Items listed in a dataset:
____

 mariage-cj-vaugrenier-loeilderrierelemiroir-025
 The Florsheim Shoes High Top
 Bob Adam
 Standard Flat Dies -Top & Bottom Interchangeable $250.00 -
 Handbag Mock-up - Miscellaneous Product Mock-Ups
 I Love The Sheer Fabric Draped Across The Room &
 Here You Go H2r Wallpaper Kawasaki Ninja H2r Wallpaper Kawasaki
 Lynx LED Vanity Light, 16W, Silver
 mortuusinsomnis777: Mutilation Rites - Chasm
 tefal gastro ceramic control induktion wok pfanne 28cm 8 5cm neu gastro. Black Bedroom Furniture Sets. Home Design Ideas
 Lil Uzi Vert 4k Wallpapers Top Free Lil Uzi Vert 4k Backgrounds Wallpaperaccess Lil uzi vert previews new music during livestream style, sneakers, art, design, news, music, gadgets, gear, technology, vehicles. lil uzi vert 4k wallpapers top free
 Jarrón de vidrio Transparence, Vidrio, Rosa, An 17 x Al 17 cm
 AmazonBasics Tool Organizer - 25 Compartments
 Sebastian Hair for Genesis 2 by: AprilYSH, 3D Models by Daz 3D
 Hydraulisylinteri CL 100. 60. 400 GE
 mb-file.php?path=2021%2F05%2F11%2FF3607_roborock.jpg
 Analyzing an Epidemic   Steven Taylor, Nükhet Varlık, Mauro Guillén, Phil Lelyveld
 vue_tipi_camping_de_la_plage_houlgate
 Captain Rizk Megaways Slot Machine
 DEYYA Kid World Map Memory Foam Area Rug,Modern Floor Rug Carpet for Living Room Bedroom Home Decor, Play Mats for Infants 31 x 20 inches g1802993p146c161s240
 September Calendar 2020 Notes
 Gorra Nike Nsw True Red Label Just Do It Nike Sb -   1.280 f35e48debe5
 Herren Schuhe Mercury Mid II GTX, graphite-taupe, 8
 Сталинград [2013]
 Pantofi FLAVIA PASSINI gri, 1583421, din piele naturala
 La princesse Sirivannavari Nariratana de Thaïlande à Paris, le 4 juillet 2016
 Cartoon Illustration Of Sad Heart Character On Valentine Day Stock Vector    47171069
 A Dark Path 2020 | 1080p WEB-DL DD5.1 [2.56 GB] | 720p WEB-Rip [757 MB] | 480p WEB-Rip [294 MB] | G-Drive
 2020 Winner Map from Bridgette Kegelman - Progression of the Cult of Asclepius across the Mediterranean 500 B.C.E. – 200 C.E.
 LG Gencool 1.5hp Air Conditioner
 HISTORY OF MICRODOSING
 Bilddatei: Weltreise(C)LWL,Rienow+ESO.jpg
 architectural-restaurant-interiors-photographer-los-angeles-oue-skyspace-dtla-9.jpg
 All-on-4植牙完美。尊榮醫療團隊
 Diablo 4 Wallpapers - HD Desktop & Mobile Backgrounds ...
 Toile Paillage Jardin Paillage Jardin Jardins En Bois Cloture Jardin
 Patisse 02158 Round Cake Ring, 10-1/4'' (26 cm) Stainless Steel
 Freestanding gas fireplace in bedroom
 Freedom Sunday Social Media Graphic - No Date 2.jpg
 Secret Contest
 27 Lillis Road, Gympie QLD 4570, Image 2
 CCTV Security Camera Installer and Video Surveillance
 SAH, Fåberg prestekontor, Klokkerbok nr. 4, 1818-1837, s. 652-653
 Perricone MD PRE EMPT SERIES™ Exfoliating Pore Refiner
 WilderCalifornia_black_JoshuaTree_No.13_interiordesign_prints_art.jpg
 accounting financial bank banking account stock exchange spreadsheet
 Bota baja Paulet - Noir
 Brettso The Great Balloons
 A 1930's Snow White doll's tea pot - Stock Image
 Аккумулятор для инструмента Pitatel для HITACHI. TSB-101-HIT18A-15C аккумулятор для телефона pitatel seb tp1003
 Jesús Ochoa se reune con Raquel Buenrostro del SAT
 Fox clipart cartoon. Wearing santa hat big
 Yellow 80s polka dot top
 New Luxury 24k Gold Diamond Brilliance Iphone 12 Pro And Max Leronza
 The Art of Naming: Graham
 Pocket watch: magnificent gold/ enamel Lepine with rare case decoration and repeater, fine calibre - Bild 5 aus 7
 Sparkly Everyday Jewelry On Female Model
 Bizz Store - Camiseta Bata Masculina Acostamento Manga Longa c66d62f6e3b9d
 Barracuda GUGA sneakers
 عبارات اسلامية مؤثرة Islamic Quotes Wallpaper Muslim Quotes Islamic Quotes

____

Aim of the task:
Would you print, exactly as written, every line above from the one holding "Jesús Ochoa se" through the one holding "Pocket watch: magnificent", with both included and no other lines?

Reply to the task:
 Jesús Ochoa se reune con Raquel Buenrostro del SAT
 Fox clipart cartoon. Wearing santa hat big
 Yellow 80s polka dot top
 New Luxury 24k Gold Diamond Brilliance Iphone 12 Pro And Max Leronza
 The Art of Naming: Graham
 Pocket watch: magnificent gold/ enamel Lepine with rare case decoration and repeater, fine calibre - Bild 5 aus 7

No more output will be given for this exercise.